Храповицкий вынул из портфеля небольшую книжку и подал ее государыне. То была только что отпечатанная одна из книжек издававшегося тогда под наблюдением княгини Дашковой журнала "Собеседник любителей российского слова". Стоя у стола, Храповицкий, весь красный, вытирал фуляром вспотевший лоб.
Екатерина стала перелистывать книгу; и потом, как бы вспомнив что, обратилась к Ланскому, который сидел против нее с пером в руке.
– Спасибо, мой друг, – сказала она ласково, – положи перо, а мне передай разрезной ножик… Письмо уж мы после допишем князю; оно и лучше: сегодня дело Зановичей князь Вяземский будет докладывать с мнением сената.

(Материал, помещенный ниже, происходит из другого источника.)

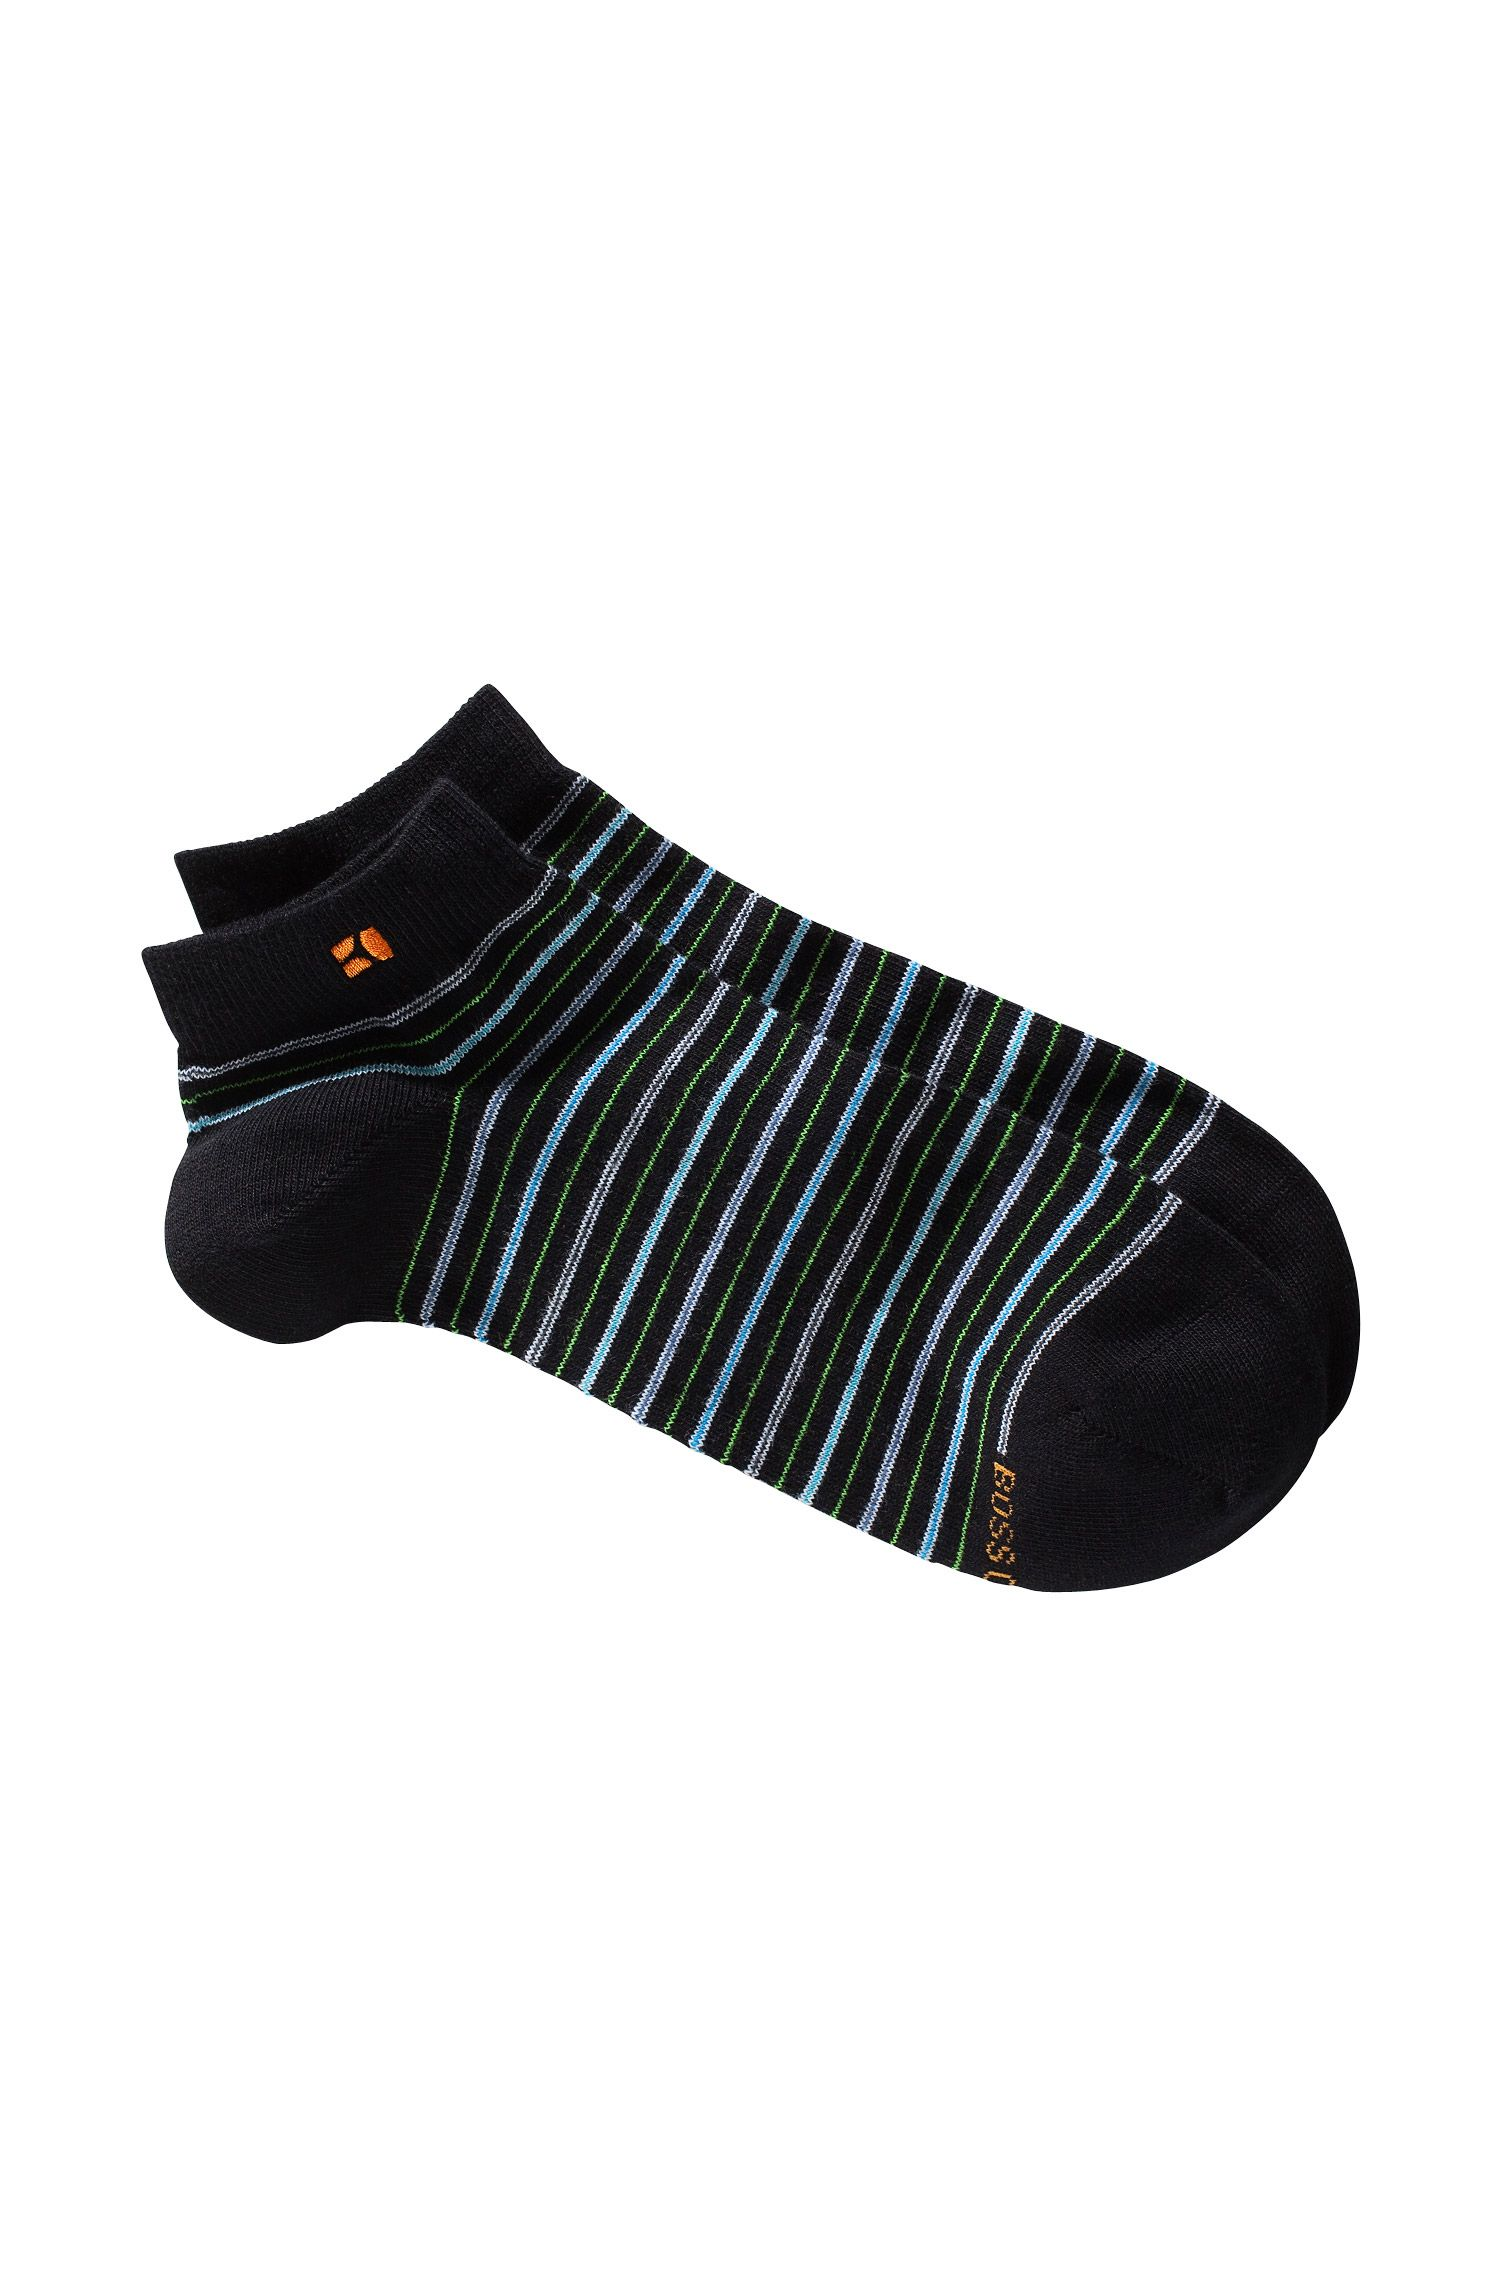 Striped, designer socks 'AS Design'

Ланской подал через стол разрезной нож и, встав со своего места, обошел вокруг письменного стола императрицы и стал у ее кресла, чтобы ближе видеть принесенную Храповицким новую книжку журнала.
– Вот та ода, – сказала она, вскинув глаза на Ланского, – о которой говорила мне княгина Дашкова.
Ланской пригнулся ближе к книге.
– "Ода великому боярину и воеводе Решемыслу, писанная подражением оде к Фелице в 1783 году", – прочел он вслух.
– Решемысл – это князь Потемкин, – пояснила императрица.
– Ну, признаюсь, удружил! – кинул словцо из-за своего стола Левушка.
– Кто удружил, Левушка? – спросила Екатерина.
– Да Державин, матушка, Потемкину.
– Чем же, мой друг?
– Да Решемыслом, матушка… Я б на месте князя Григория Александровича обиделся.
– Да что же тут обидного, Левушка? Ведь я не обиделась, когда Державин назвал меня Фелицею, киргиз-кайсацкою царевною.
– То Фелица, государыня, значит, счастливая или счастливящая подданных; а воевода Решемысл – это воевода, который решился смыслу.
Екатерина улыбнулась.
– Ну, ты всегда что-нибудь вздумаешь, – сказала она и стала читать оду вслух.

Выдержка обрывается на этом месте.